Shah Romil, Bozic Kevin J, Jayakumar Prakash
Department of Orthopedic Surgery, Cedars Sinai Medical Center, Los Angeles, CA, USA.
Department of Surgery and Perioperative Care, Dell Medical School, The University of Texas at Austin, Austin, TX, USA.
HSS J. 2025 May 28:15563316251340074. doi: 10.1177/15563316251340074.
Artificial intelligence (AI) presents new opportunities to advance value-based healthcare in orthopedic surgery through 3 potential mechanisms: agency, automation, and augmentation. AI may enhance patient agency through improved health literacy and remote monitoring while reducing costs through triage and reduction in specialist visits. In automation, AI optimizes operating room scheduling and streamlines administrative tasks, with documented cost savings and improved efficiency. For augmentation, AI has been shown to be accurate in diagnostic imaging interpretation and surgical planning, while enabling more precise outcome predictions and personalized treatment approaches. However, implementation faces substantial challenges, including resistance from healthcare professionals, technical barriers to data quality and privacy, and significant financial investments required for infrastructure. Success in healthcare AI integration requires careful attention to regulatory frameworks, data privacy, and clinical validation.

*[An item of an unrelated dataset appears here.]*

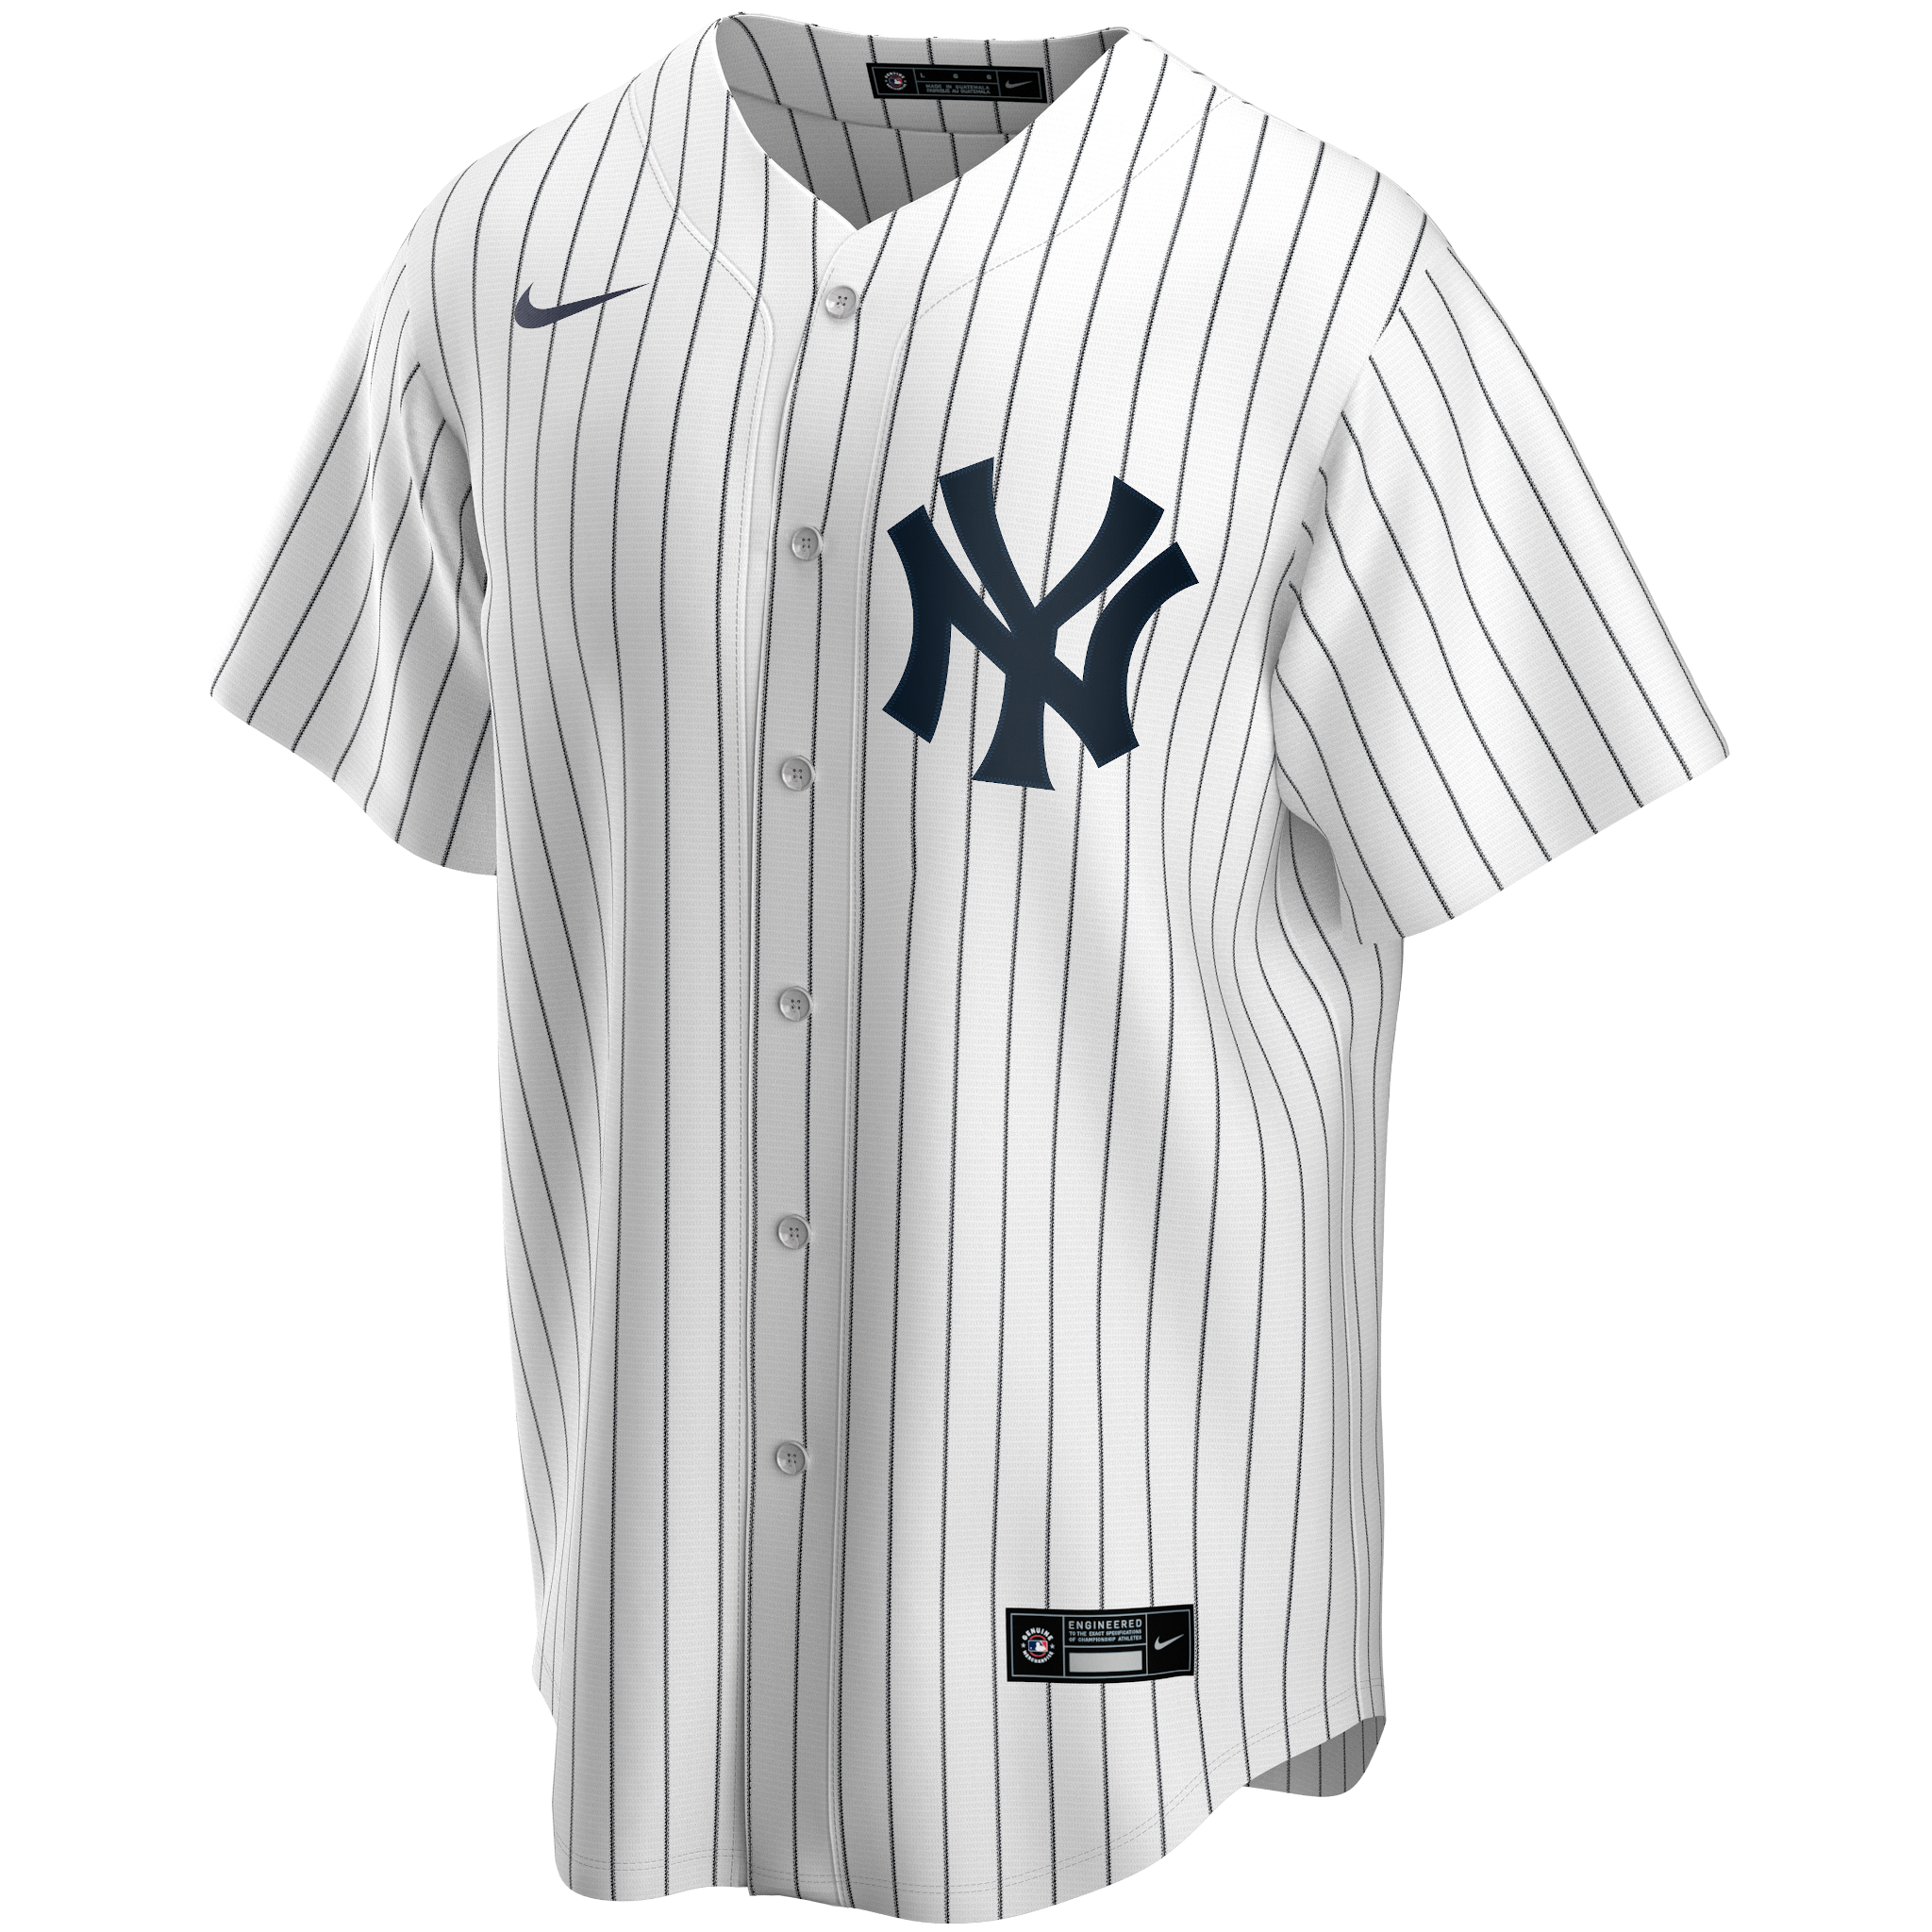 Tino Martinez Signed New York Yankees Jersey (PSA COA) 4xWorld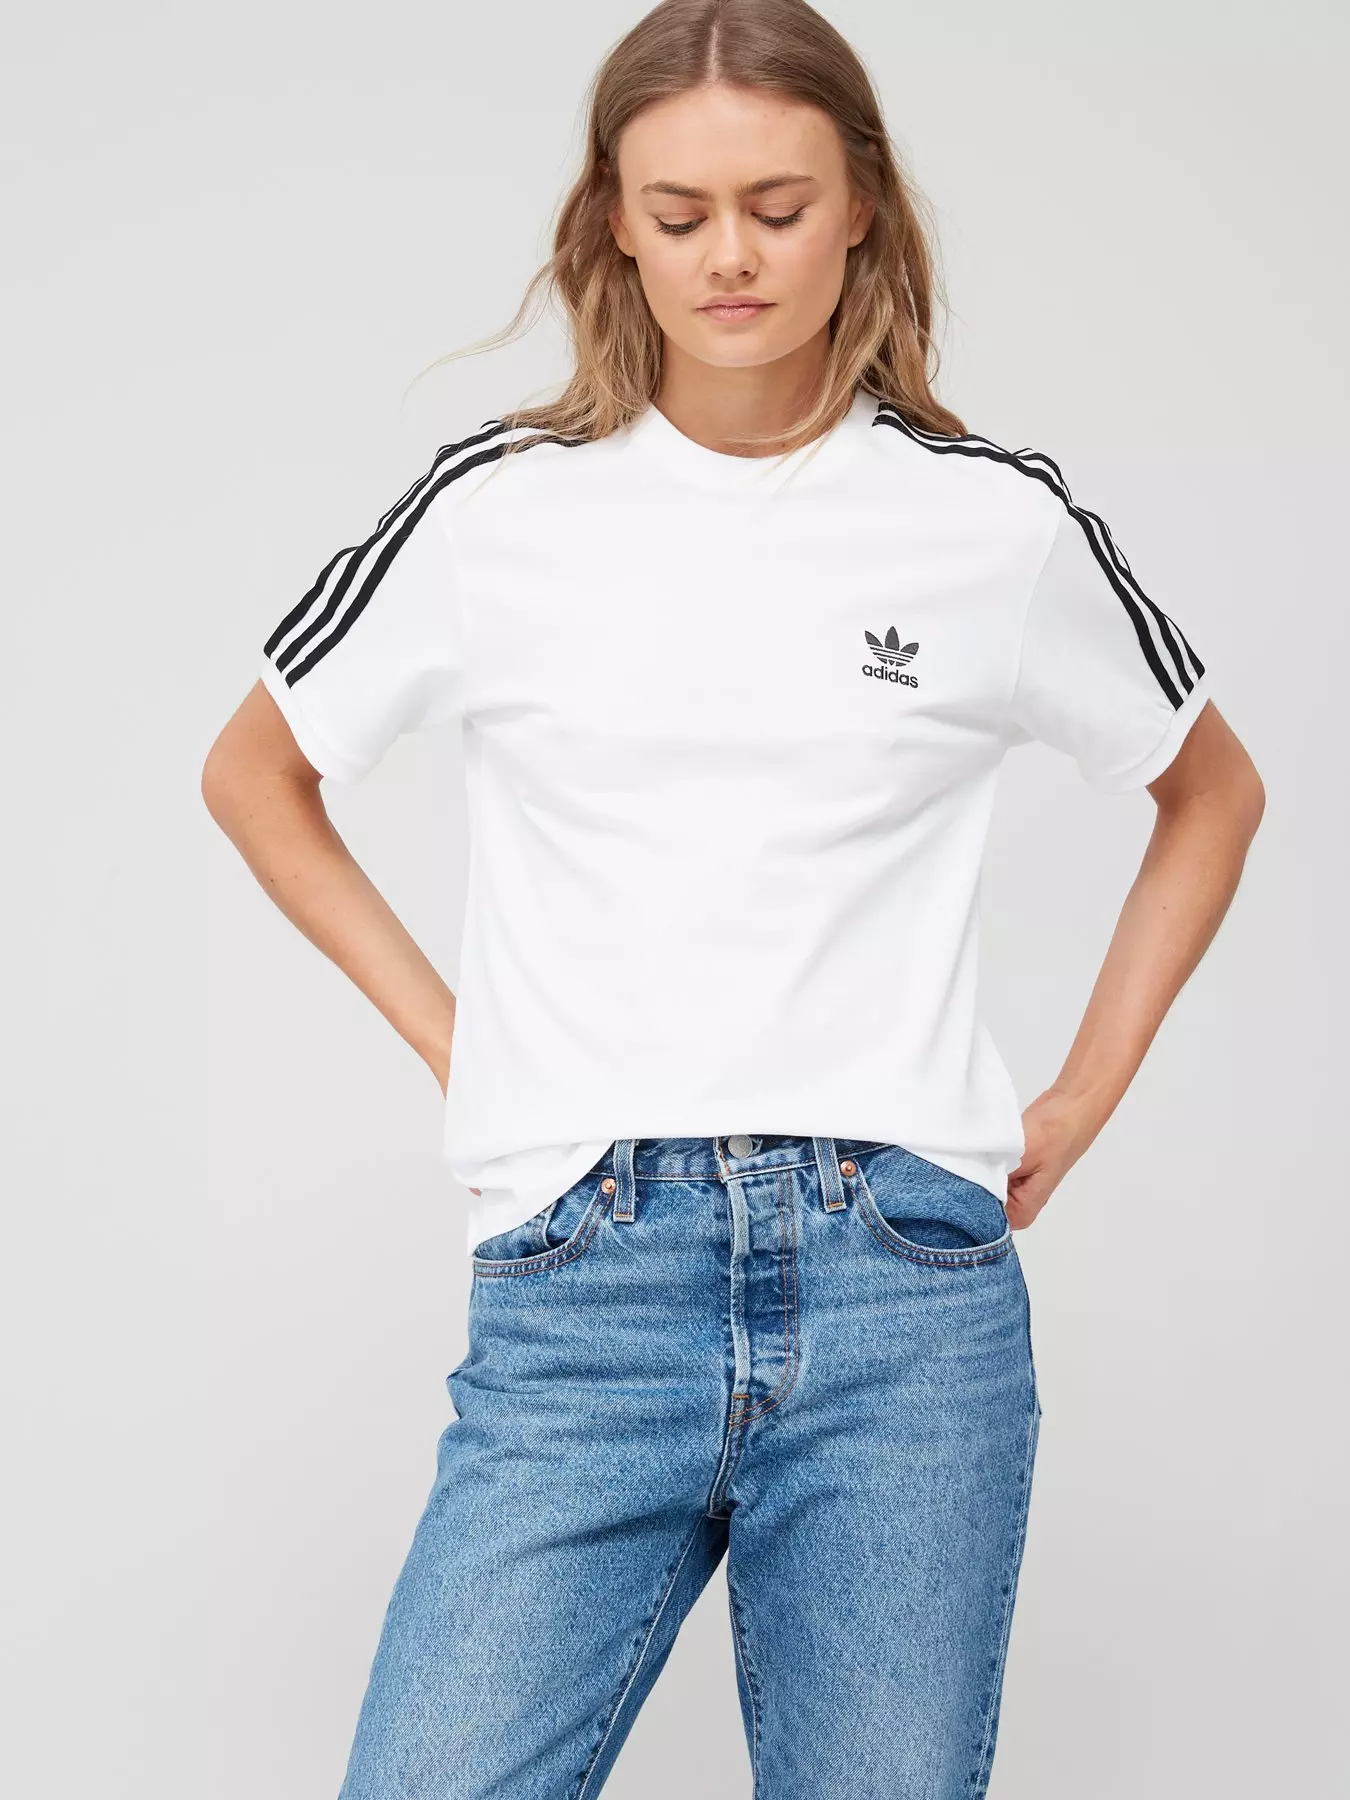 søvn Brandmand Produktionscenter Adidas Women's Tops, Jerseys & T-Shirts | Very Ireland

人工智能(AI)通过三种潜在机制为推进骨科手术中基于价值的医疗保健带来了新机遇:代理、自动化和增强。人工智能可以通过提高健康素养和远程监测来增强患者的代理能力,同时通过分诊和减少专科就诊次数来降低成本。在自动化方面,人工智能优化手术室调度并简化行政任务,已证明可节省成本并提高效率。在增强方面,人工智能在诊断成像解读和手术规划中已被证明是准确的,同时能够进行更精确的结果预测和个性化治疗方法。然而,实施面临重大挑战,包括医疗保健专业人员的抵制、数据质量和隐私的技术障碍以及基础设施所需的大量资金投入。成功整合医疗保健人工智能需要密切关注监管框架、数据隐私和临床验证。